START Data shown

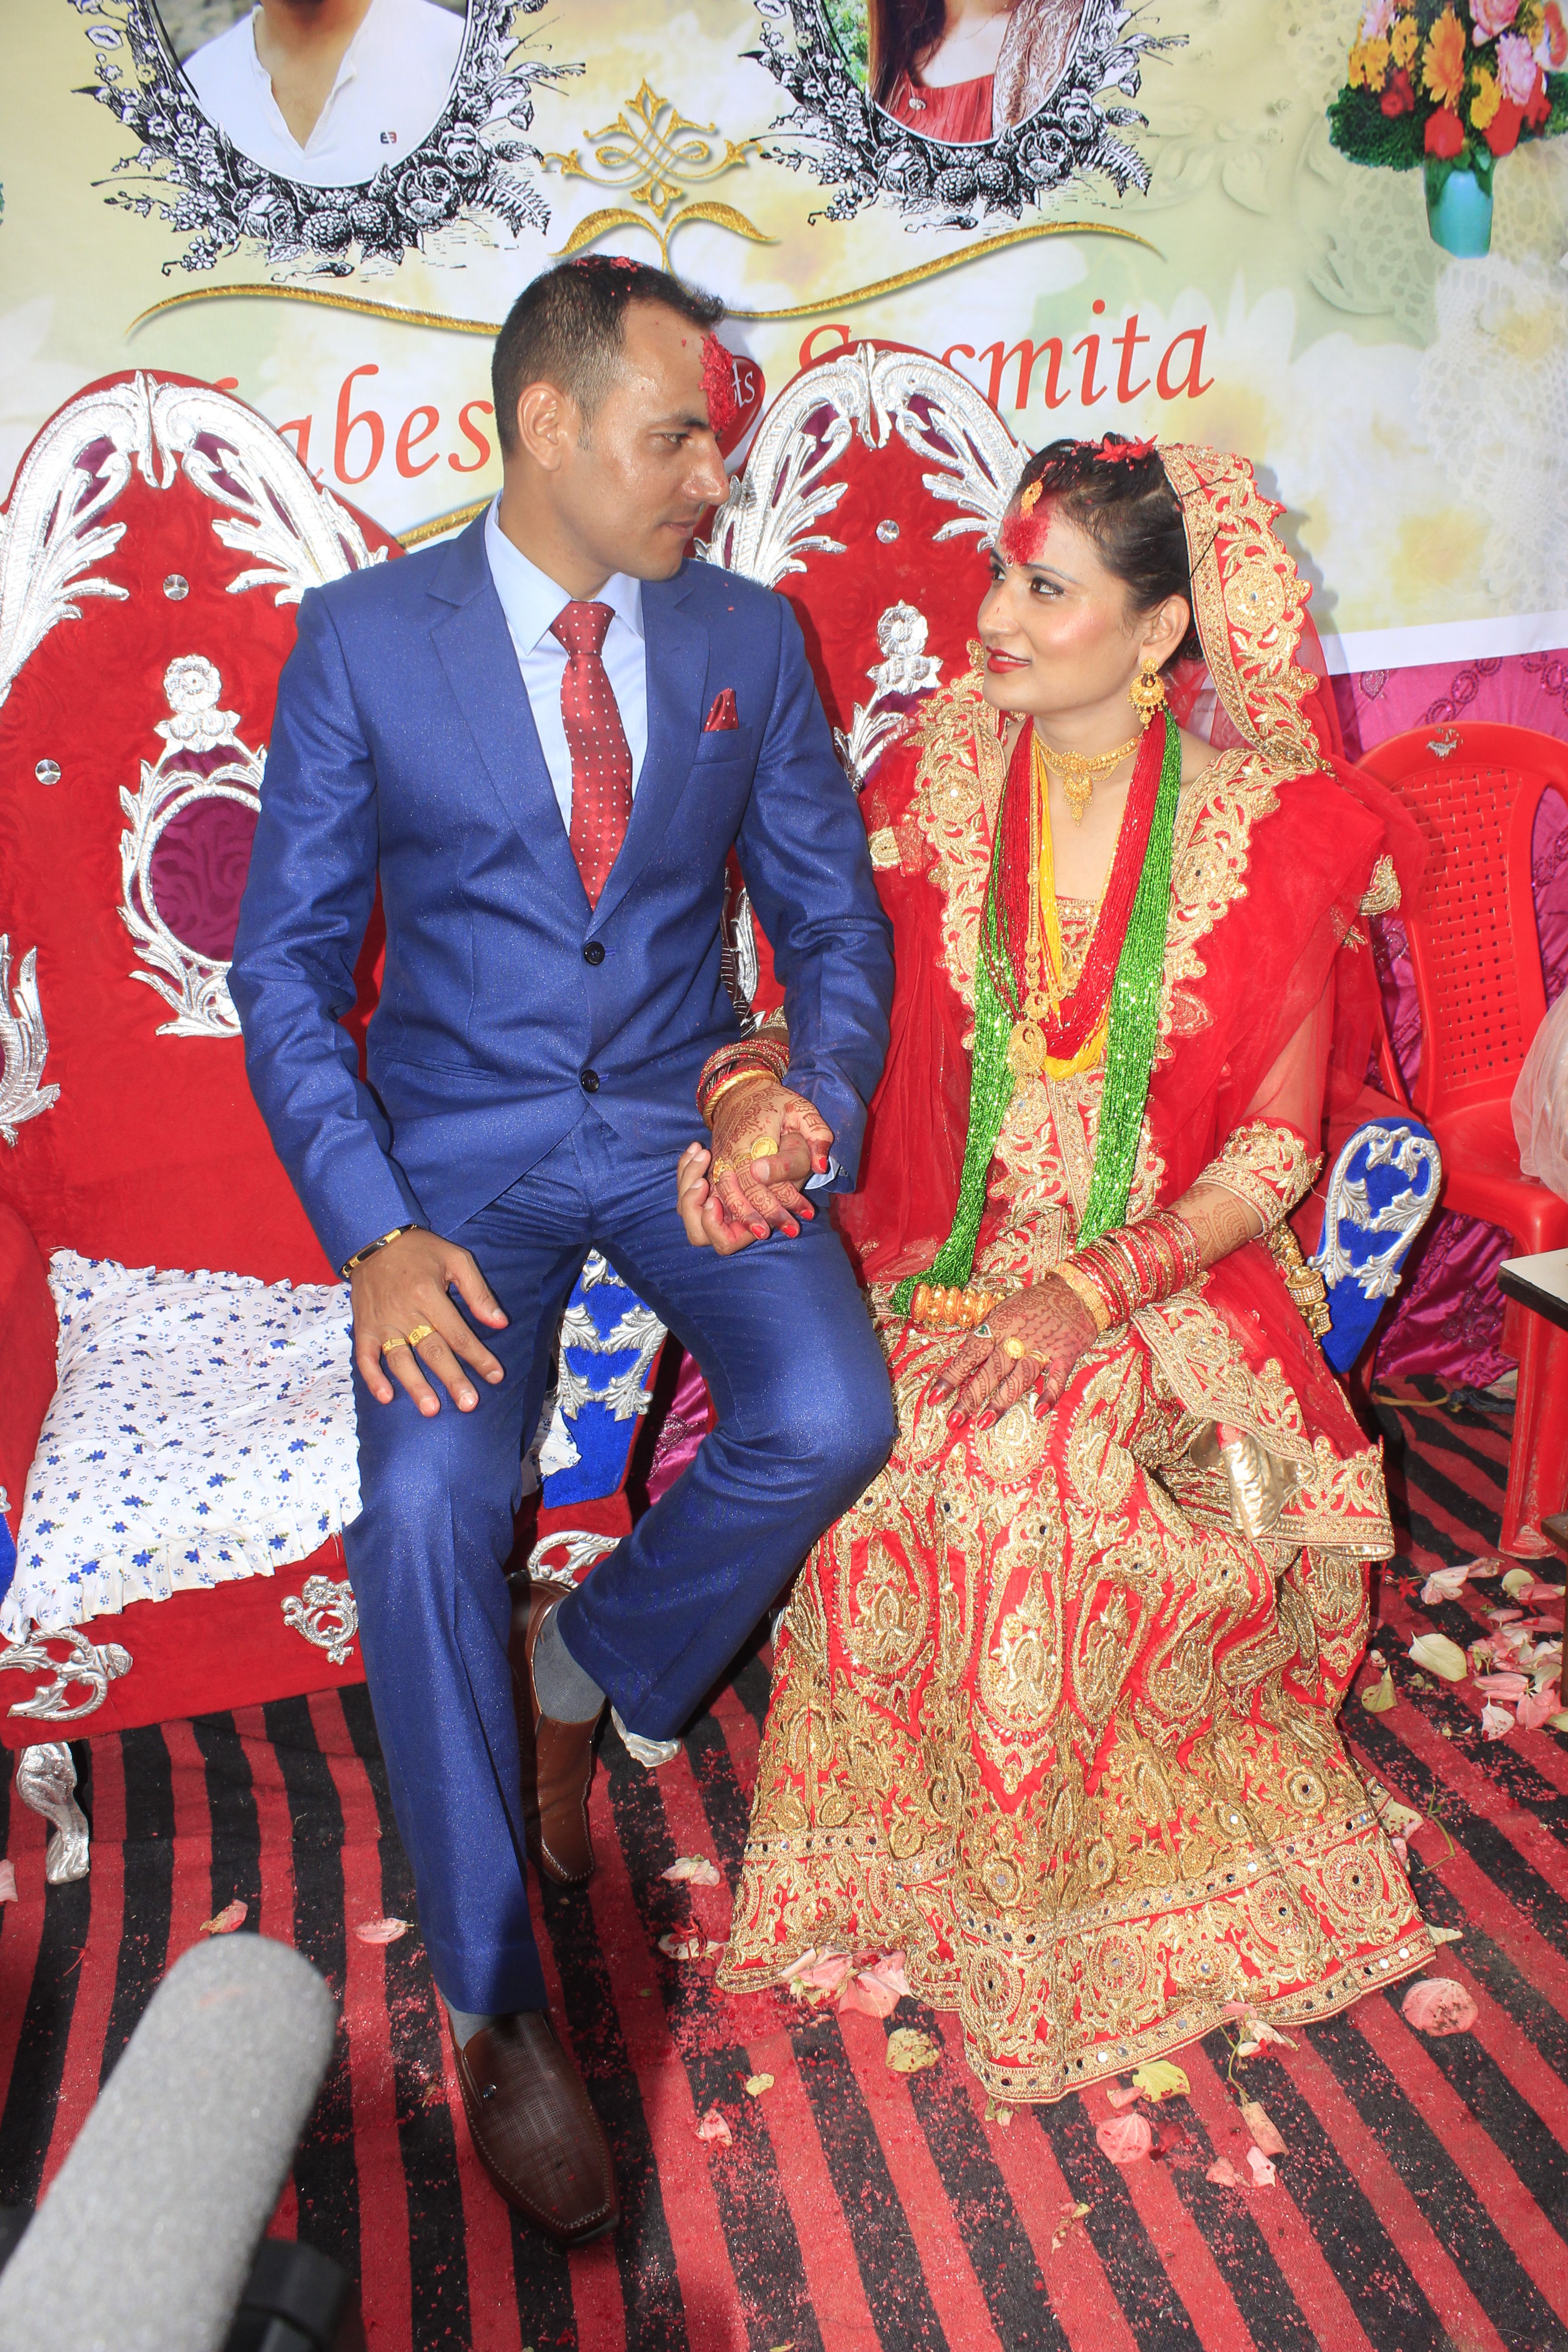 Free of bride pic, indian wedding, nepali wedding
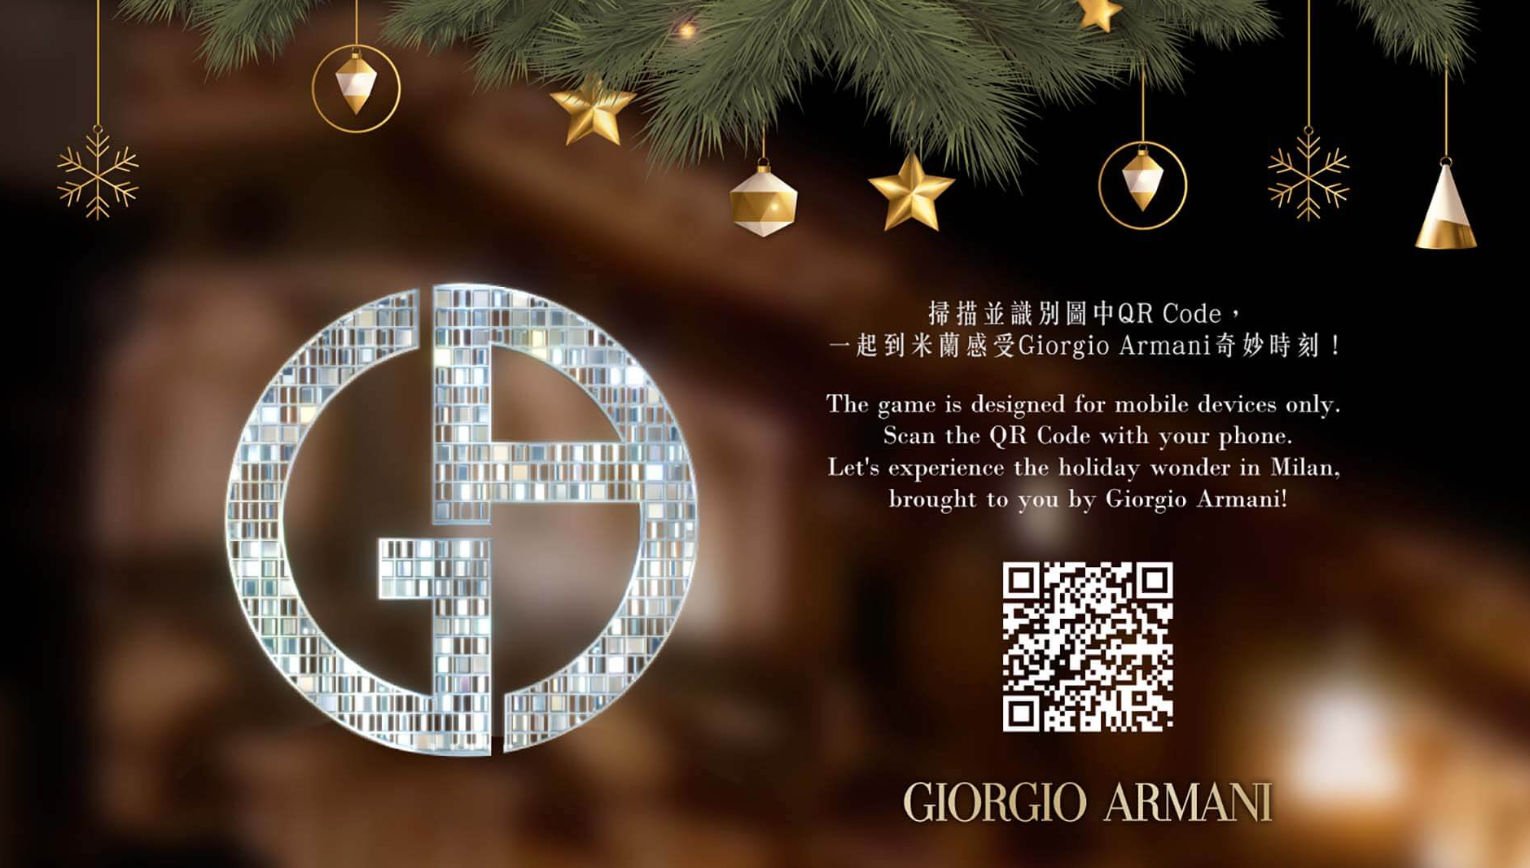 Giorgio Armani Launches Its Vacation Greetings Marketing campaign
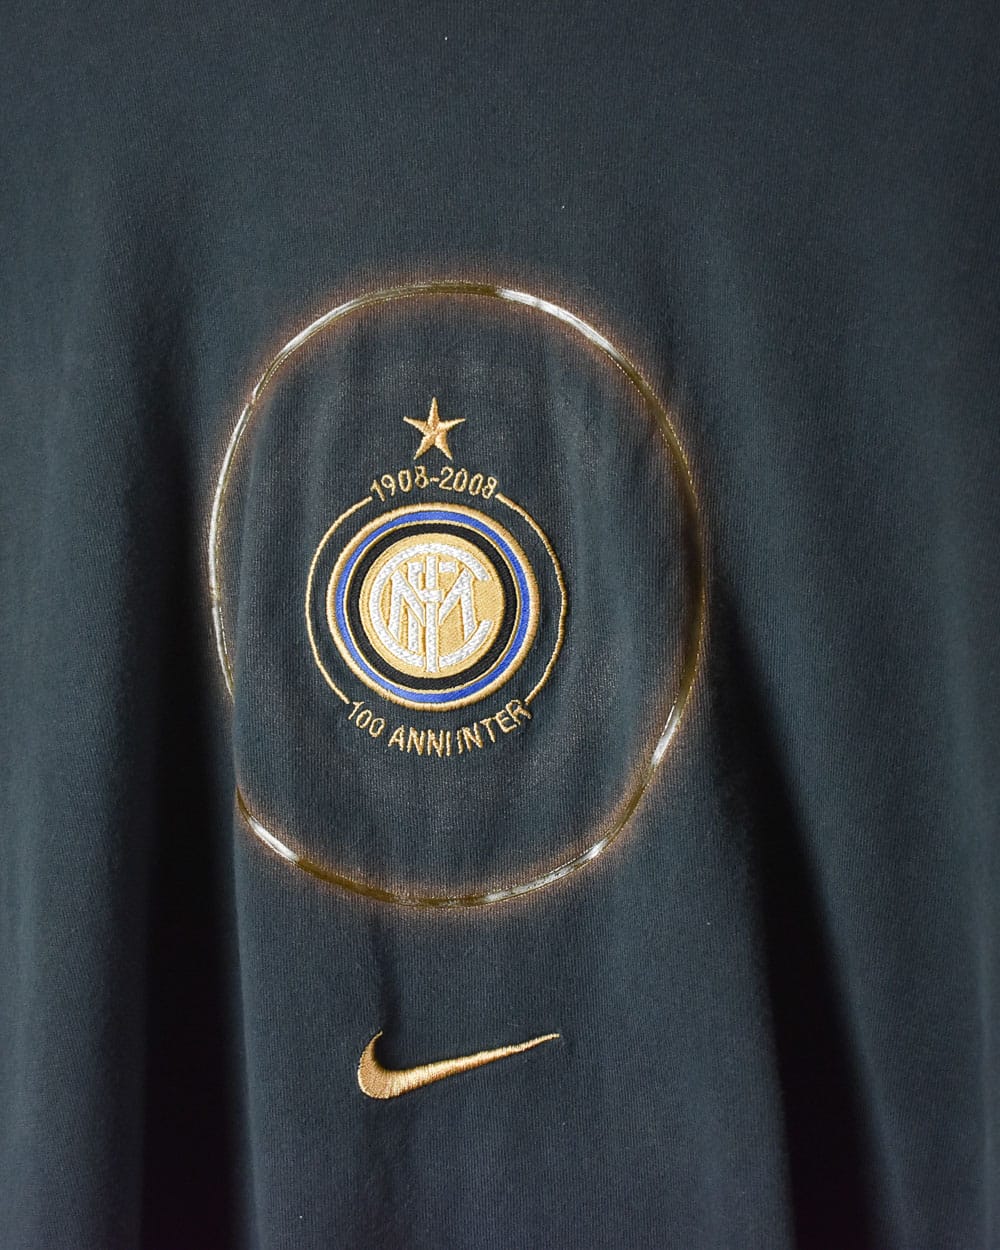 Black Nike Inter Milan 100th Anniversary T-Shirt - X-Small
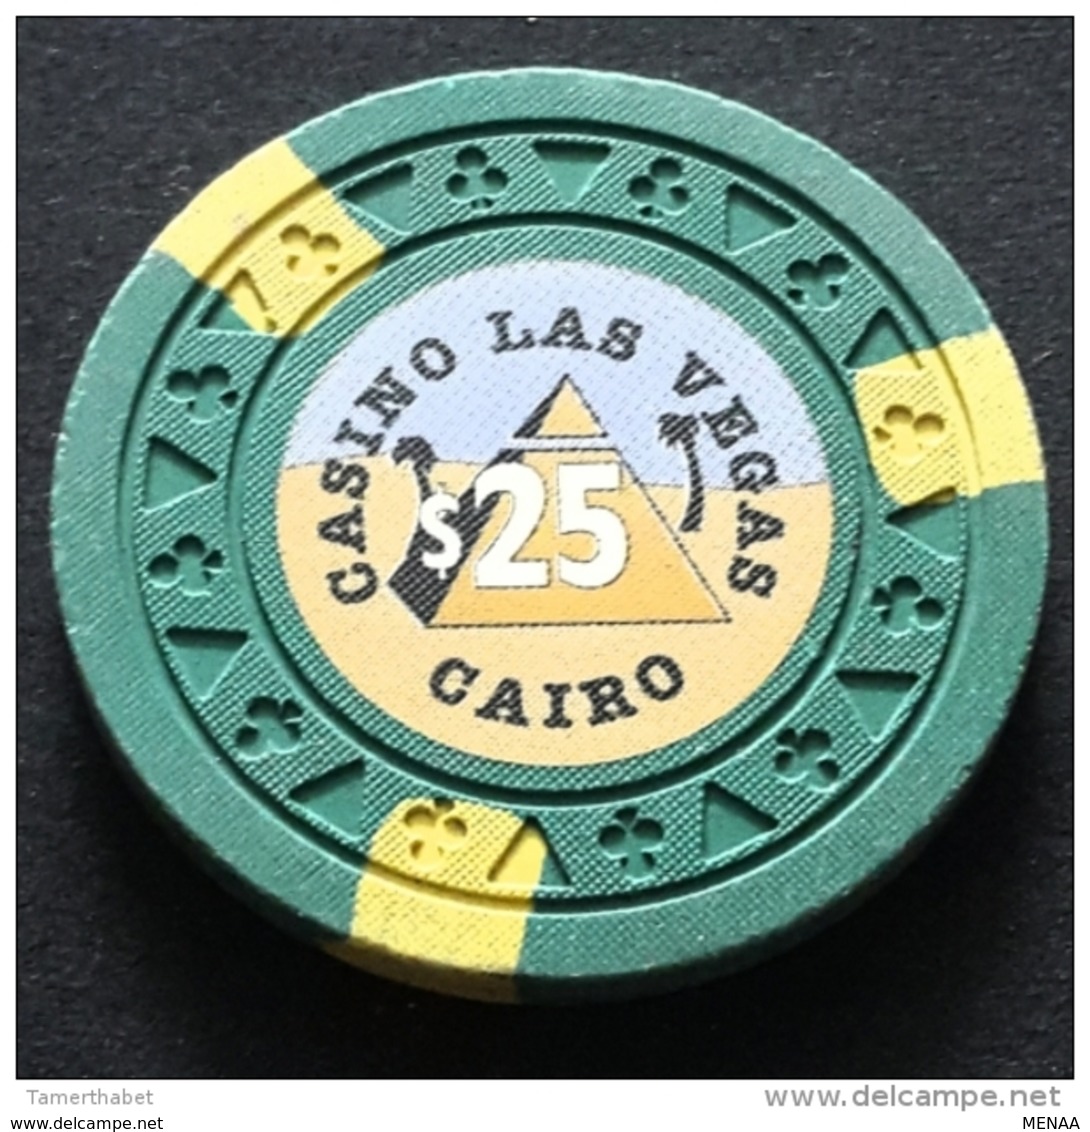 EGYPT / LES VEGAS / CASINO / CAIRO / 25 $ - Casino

END Data shown

Instructions to follow: Omit the pictures, then copy out all the data exactly as it stands.

The completed task:
 Free of bride pic, indian wedding, nepali wedding
 Giorgio Armani Launches Its Vacation Greetings Marketing campaign
 Black Nike Inter Milan 100th Anniversary T-Shirt - X-Small
 EGYPT / LES VEGAS / CASINO / CAIRO / 25 $ - Casino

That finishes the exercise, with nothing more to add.